> **INPUT DATA**
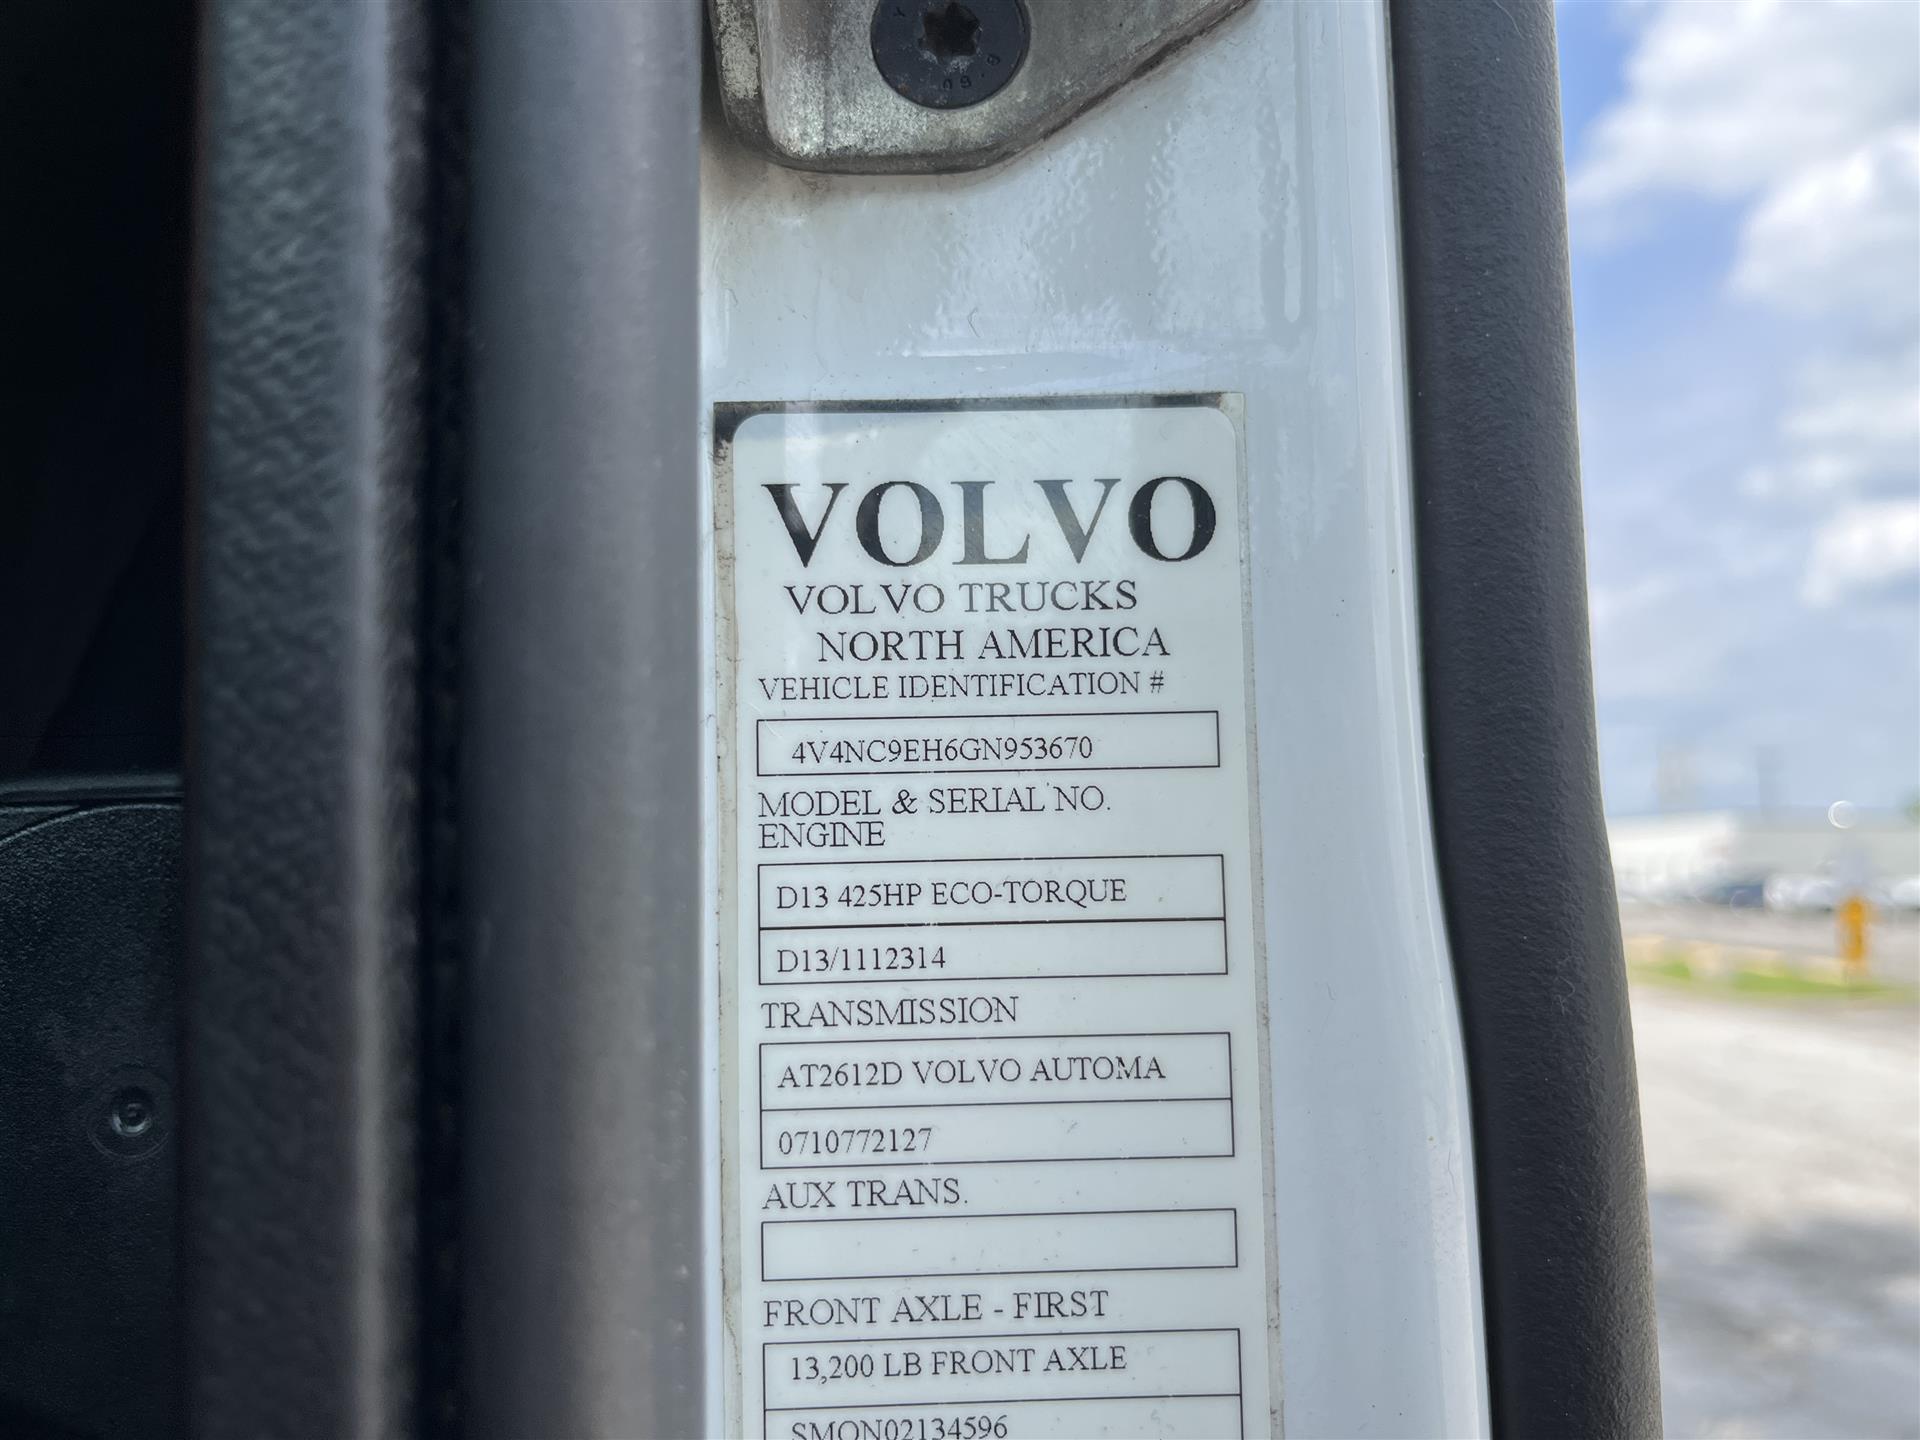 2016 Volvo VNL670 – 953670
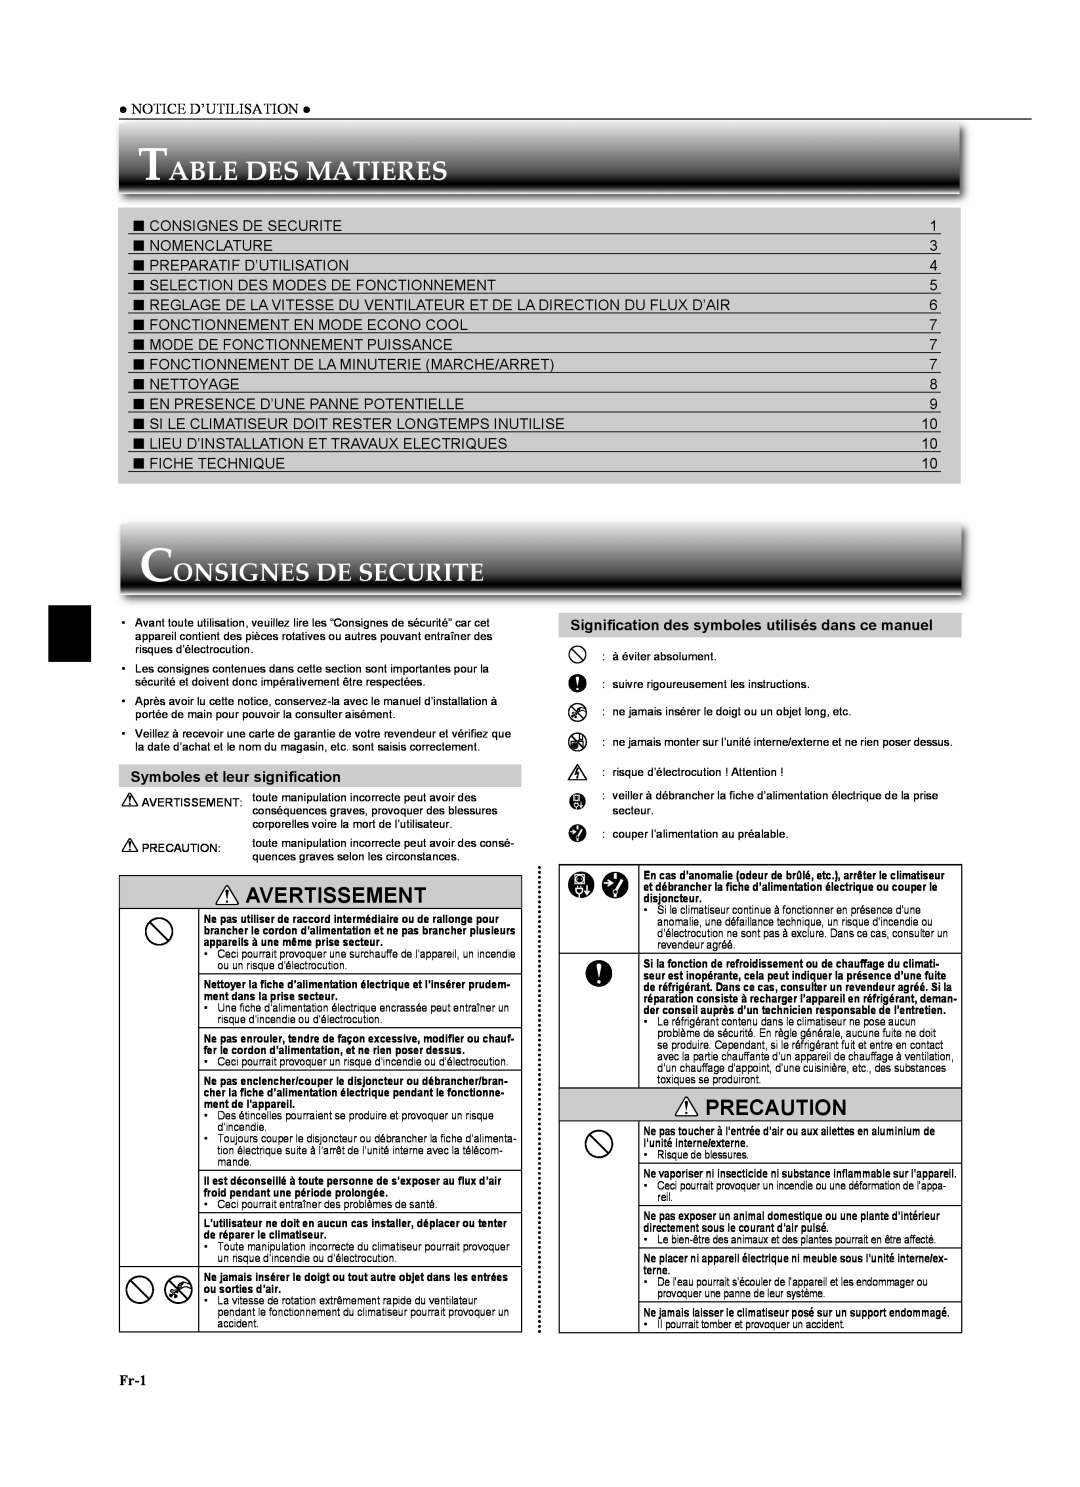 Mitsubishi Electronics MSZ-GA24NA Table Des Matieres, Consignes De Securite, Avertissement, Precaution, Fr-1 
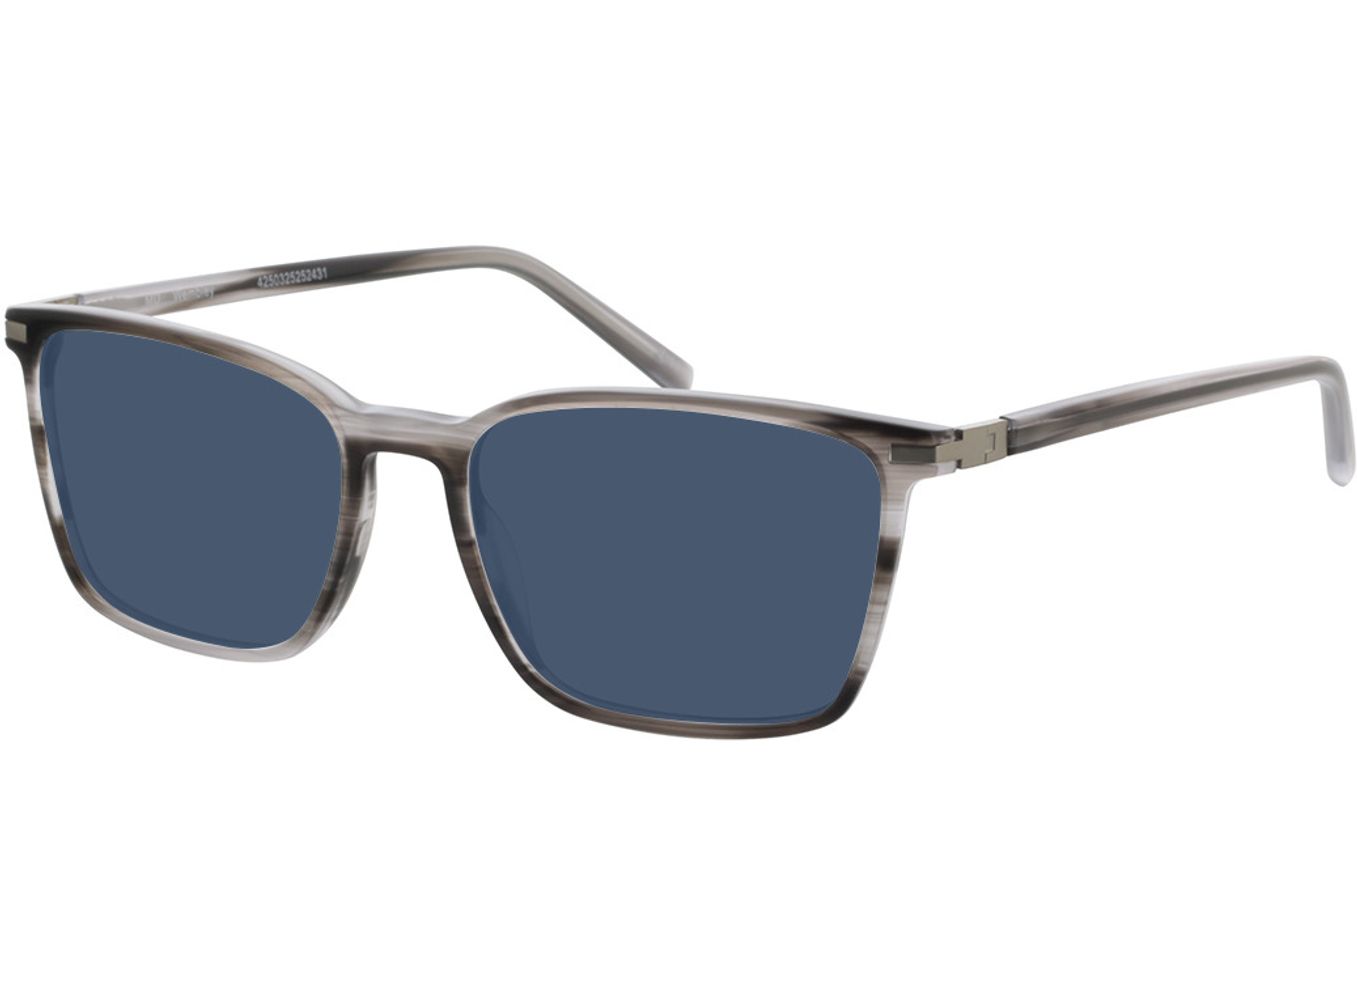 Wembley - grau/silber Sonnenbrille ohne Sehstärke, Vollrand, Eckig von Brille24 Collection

> **TASK DETAILS**
Go through the material above and retype every line exactly, without the images.

> **SOLUTION**
 2016 Volvo VNL670 – 953670
 Mitsubishi Electronics MSZ-GA24NA Table Des Matieres, Consignes De Securite, Avertissement, Precaution, Fr-1 
 Wembley - grau/silber Sonnenbrille ohne Sehstärke, Vollrand, Eckig von Brille24 Collection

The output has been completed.